2M+(aq) → M2+(aq) + M(s)
The table below contains E data for copper and mercury species.
Using these data, which one of the following can be predicted?
A Both Cu(I) and Hg(I) undergo disproportionation.
B Only Cu(I) undergoes disproportionation.
C Only Hg(I) undergoes disproportionation.
D Neither Cu(I) nor Hg(I) undergoes disproportionation.

the answer is B, but does anyone understand how to get it?

Any help appreciated
Thanks
0
12 years ago
#2
(Original post by amo17)

The table below contains E data for copper and mercury species.
Using these data, which one of the following can be predicted?
I think we need this table first.
0
#3
sorry, didn't notice that this didn't copy too.

Cu2+(aq) + e– → Cu+(aq) + 0.15
Cu+(aq) + e– → Cu(s) + 0.52
Hg2+(aq) + e– → Hg+(aq) + 0.91
Hg+(aq) + e– → Hg(l) + 0.80

Thanks
0
12 years ago
#4
Well the first equation (2M+(aq) → M2+(aq) + M(s)) tells you that during disproportionation, an aqueous 2+ ion and and a solid is formed. From the E values you can see that C+ forms a solid, where as Hg+ forms a liquid; so the only possible answer can be B.
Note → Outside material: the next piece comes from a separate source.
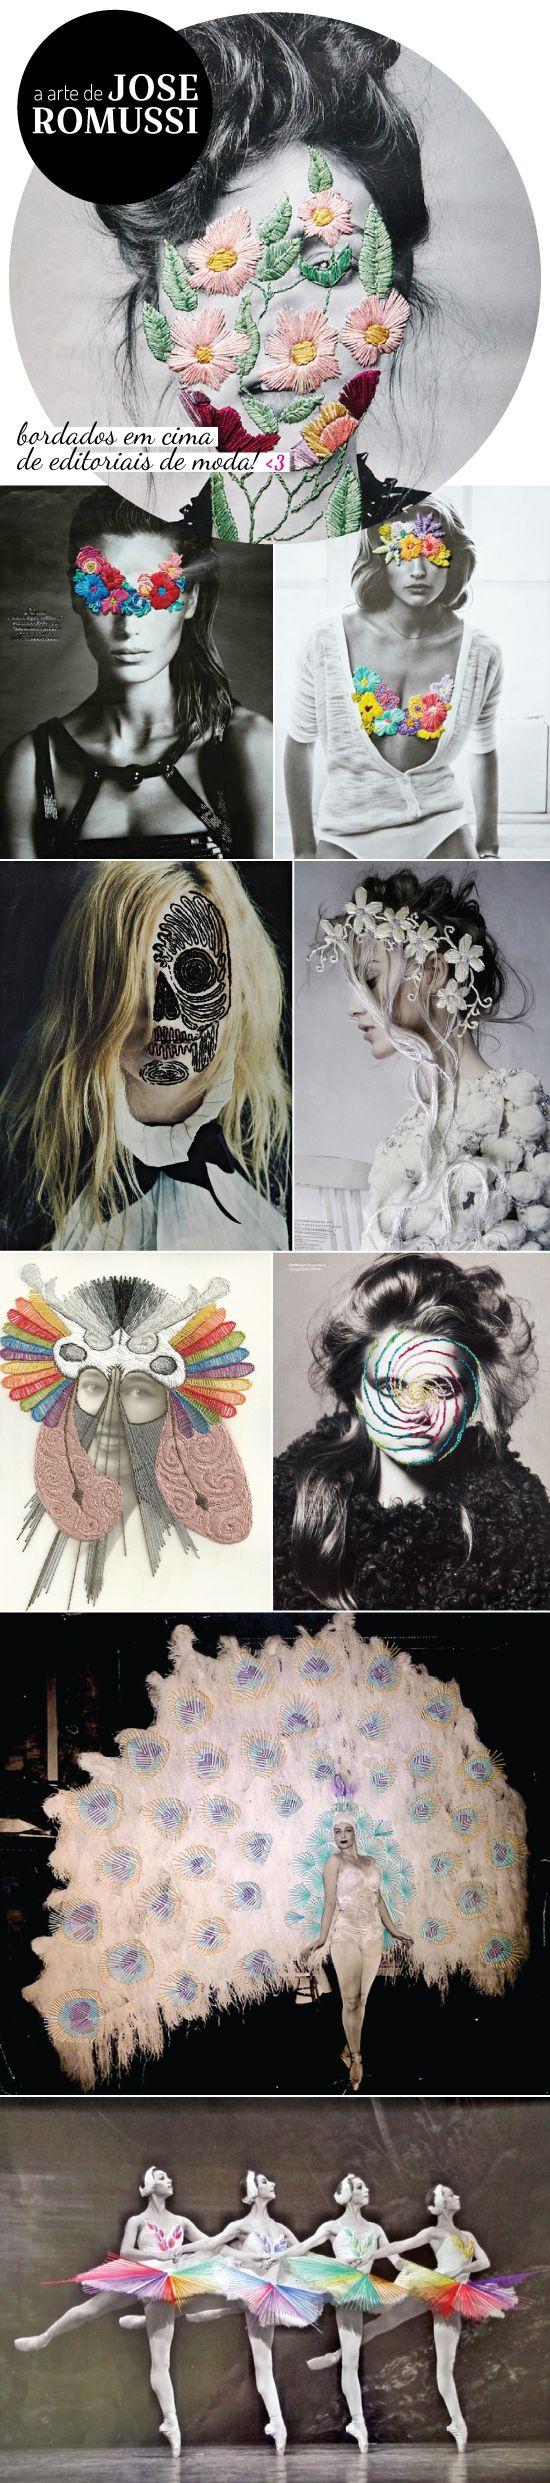 jose-romussi-arte-art-bordado-editorial-fashion-moda-dance-danca-em-embroidery

Not sure if there's any other way of doing this question, but that's how I'd work it out.
0
12 years ago
#5
To do the copper disproportionation the hypothetical equation would involve reacting the reverse of equation 1 with equation2 (from the data list)
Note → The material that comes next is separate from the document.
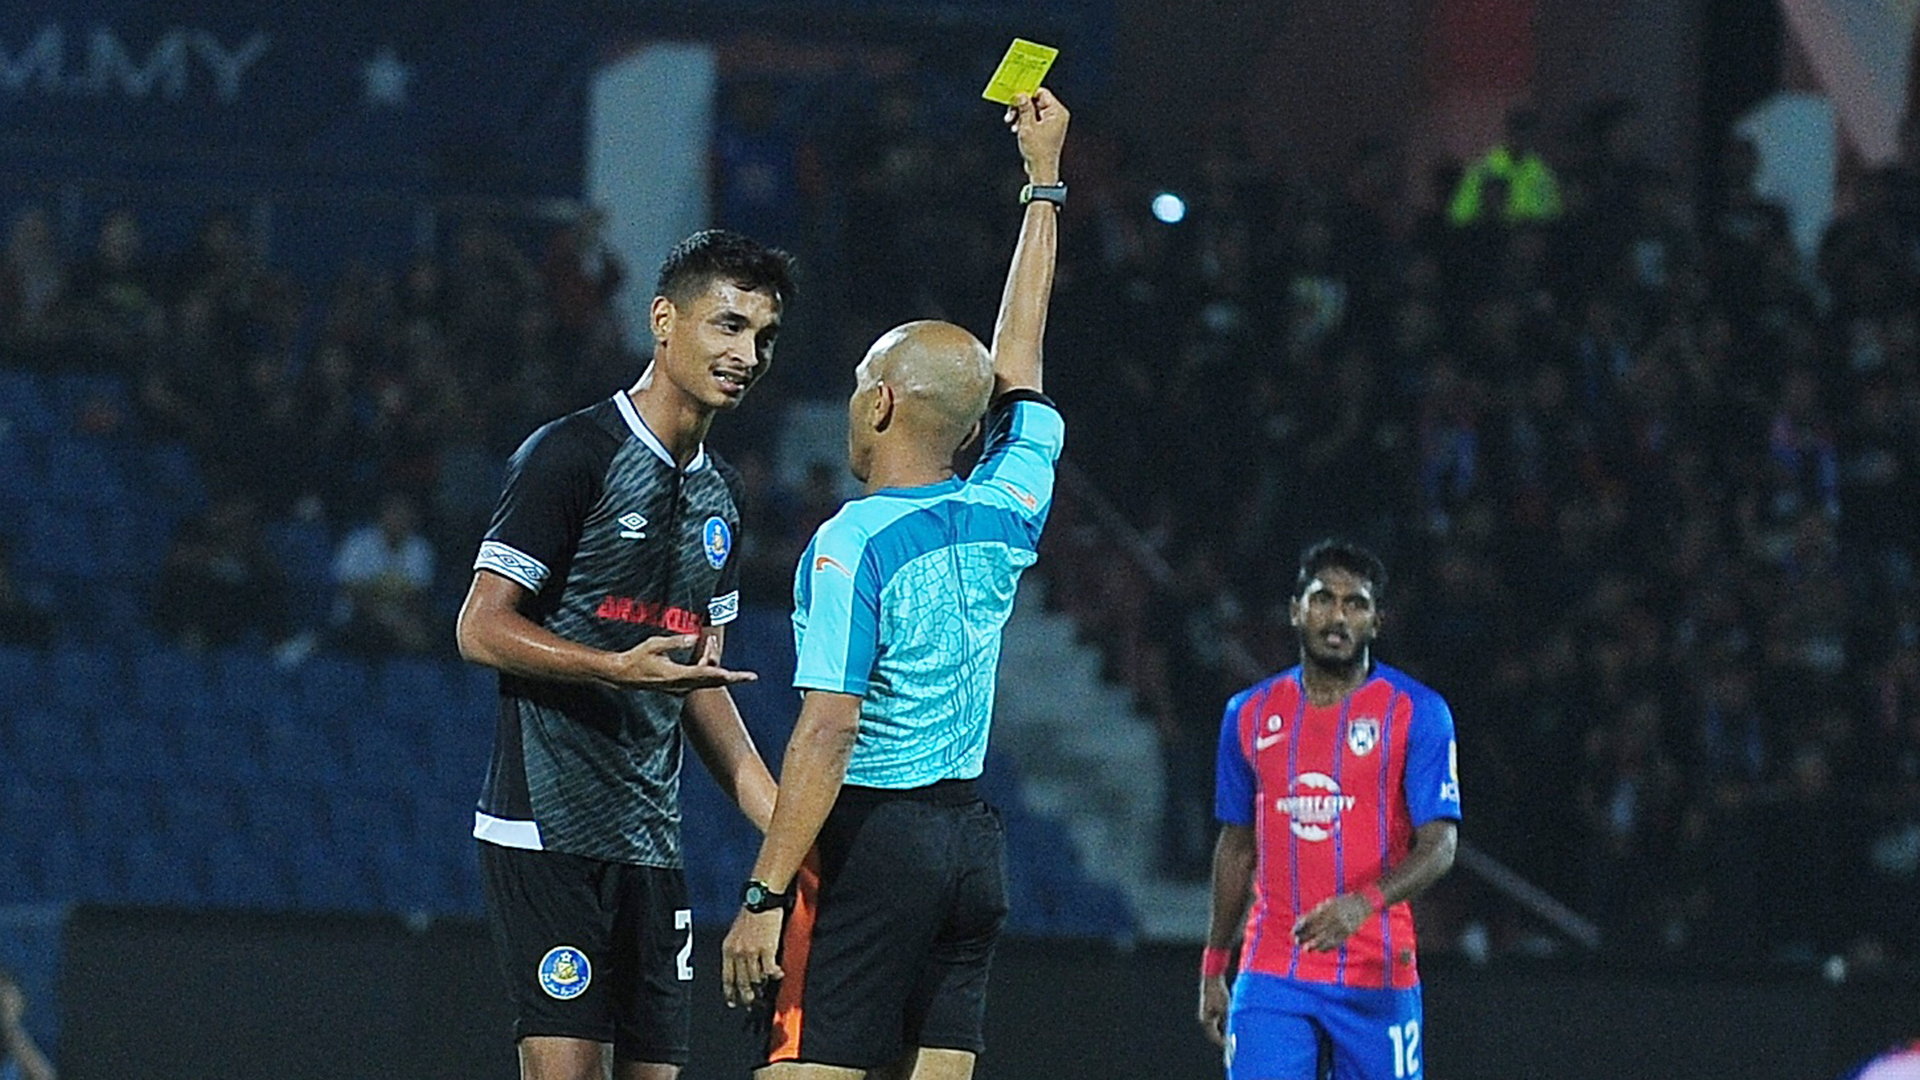 Safuwan Baharudin, Johor Darul Ta'zim v Pahang, Malaysia Super League, 14 May 2019

The Cu+ in equation 1 is the species getting oxidised and the Cu+ in equation 2 is the species getting reduced.

E = E(red) - E(ox) = +0.52 - +0.15 = +0.37
This is a positive value and larger than 0.3 suggesting that the system is both feasible and spontaneous and will go all the way.

Repeat the same process for the mercury...
1
12 years ago
#6
Its:

Cu+ + Cu+ -------> Cu + Cu^2+

The copper (i) has oxidised the other and it has been reduced itself.
0
3 months ago
#7
(Original post by charco)
To do the copper disproportionation the hypothetical equation would involve reacting the reverse of equation 1 with equation2 (from the data list)

The Cu+ in equation 1 is the species getting oxidised and the Cu+ in equation 2 is the species getting reduced.

E = E(red) - E(ox) = +0.52 - +0.15 = +0.37
This is a positive value and larger than 0.3 suggesting that the system is both feasible and spontaneous and will go all the way.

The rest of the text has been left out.